The role of autophagy/mitophagy and cGAS–STING crosstalk in microglial activation. In the advanced stages of neurodegenerative disease, resting M0 microglia can be activated to the M1 phenotypes under various stimuli. These include endogenous factors such as mtDNA, nuclear DNA, senescence, autophagy deficiency, and cell death, as well as exogenous factors such as microbial and foreign DNA. These factors are crucial for activating the cGAS–STING signaling pathway. In the early stages of neurodegenerative disease, resting M0 microglia can be polarized toward the M2 phenotype. This activation is achieved through the modulation of the type I IFN response, maintenance of cellular and protein homeostasis, clearance of damaged mitochondria, inhibition of the NLRP3 inflammasome, degradation of cGAS and STING, prevention of mtDNA release, control of cell death, and reduction of ROS. These processes are attributed to the induction of autophagy/mitophagy. When activated, M1 microglia release pro-inflammatory cytokines (such as TNF-α and IL-1β) and reactive species (including ROS and NO). These substances can induce neuronal damage and disrupt the integrity of the BBB. Conversely, M2 microglia release anti-inflammatory cytokines and growth factors that support neuronal survival and regeneration, and aid in the restoration and maintenance of BBB integrity.

Figure 7

Potential therapeutic targets and interventions focusing on the crosstalk between autophagy/mitophagy and the cGAS–STING pathway could be pivotal in mitigating the inflammatory responses associated with neurodegenerative diseases. By detecting dsDNA and subsequently activating the cGAS–STING pathway, this overview provides potential intervention sites.
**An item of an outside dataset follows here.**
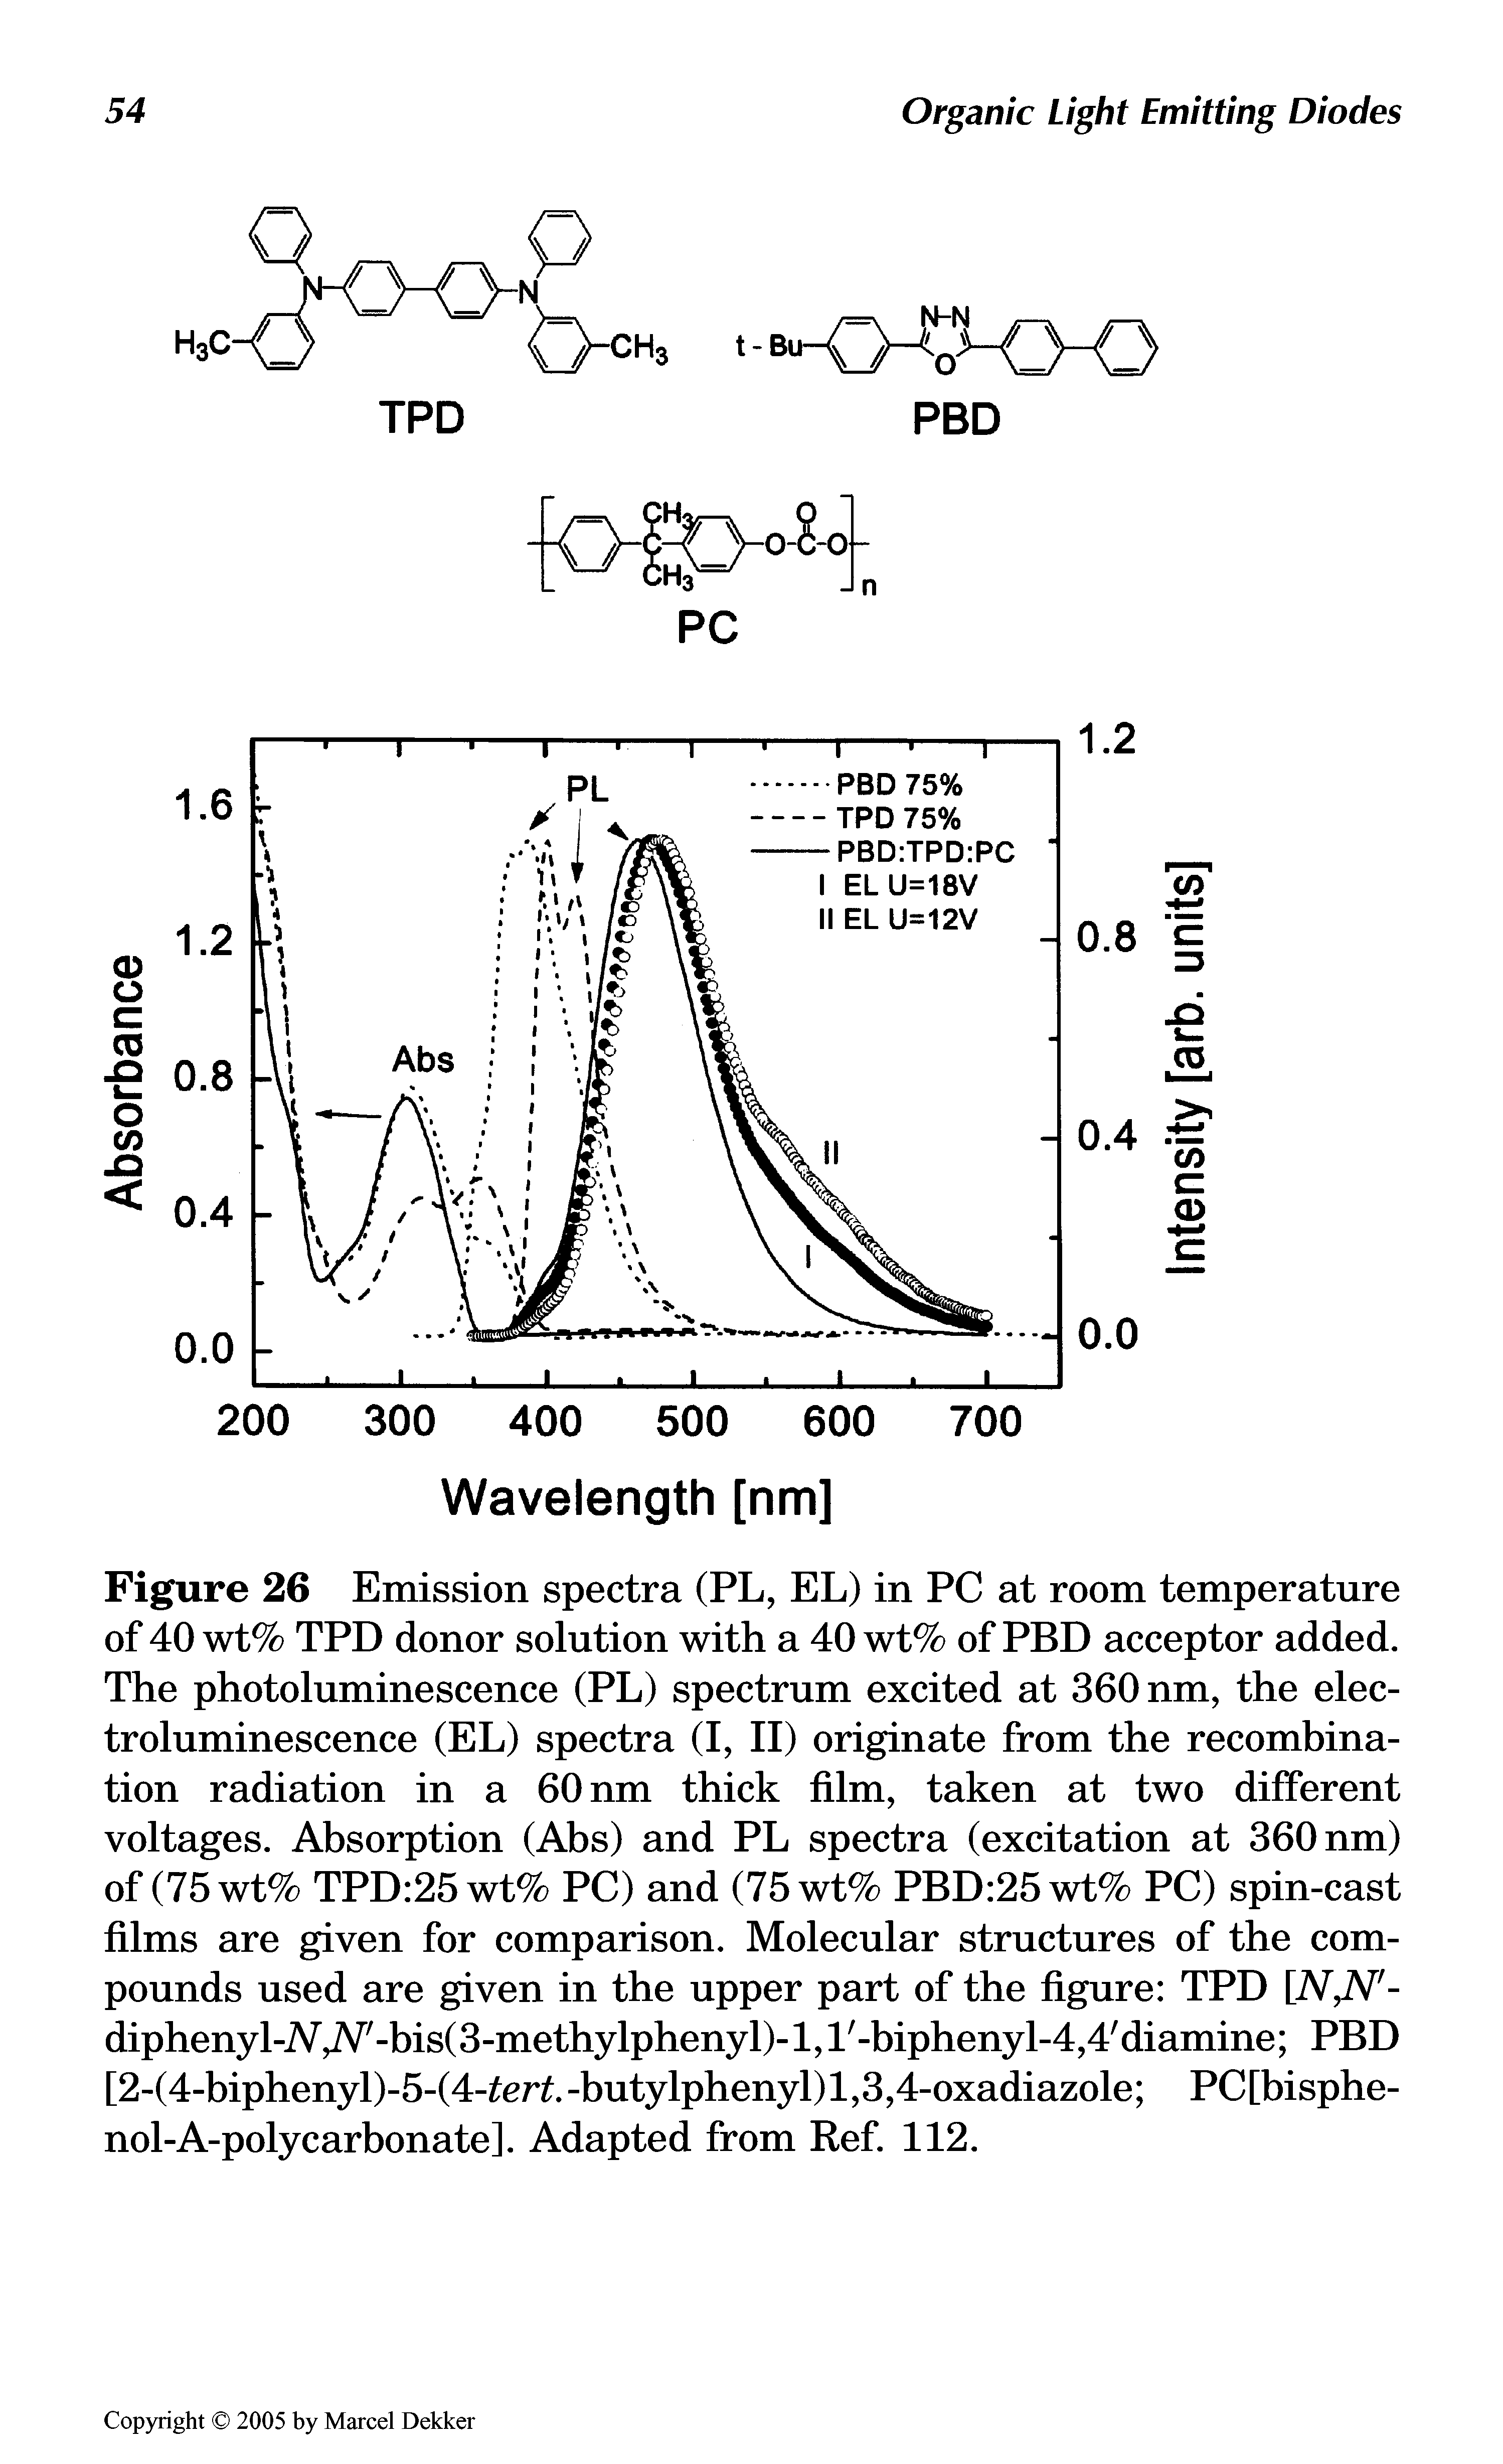 Figure 26 Emission spectra (PL, EL) in PC at room temperature of 40 wt% TPD donor solution with a 40 wt% of PBD acceptor added. The photoluminescence (PL) spectrum excited at 360 nm, the electroluminescence (EL) spectra (I, II) originate from the recombination radiation in a 60 nm thick film, taken at two different voltages. Absorption (Abs) and PL spectra (excitation at 360 nm) of (75wt% TPD 25wt% PC) and (75wt% PBD 25wt% PC) spin-cast films are given for comparison. Molecular structures of the compounds used are given in the upper part of the figure TPD [N,Nf-diphenyl-A v/V/-bis(3-methylphenyl)-l,l -biphenyl-4,4 diamine PBD [2-(4-biphenyl)-5-(4- er .-butylphenyl)l,3,4-oxadiazole PC[bisphe-nol-A-polycarbonate]. Adapted from Ref. 112.

These include reducing foreign and self-dsDNA, targeting compounds that inhibit the cGAS–STING–TBK1 signaling pathway, targeting compounds that activate autophagy/mitophagy, targeting compounds that protect mitochondria, and targeting compounds that inhibit NLRP3 inflammasome-mediated pyroptosis.

Figure 8

The chemical structures of mitophagy activators are used in various neurological diseases.

Figure 9

The chemical structures of the identified cGAS, STING, TBK1, and IκB kinase ε (IKKε) inhibitors targeting the cGAS–STING–TBK1 signaling pathway.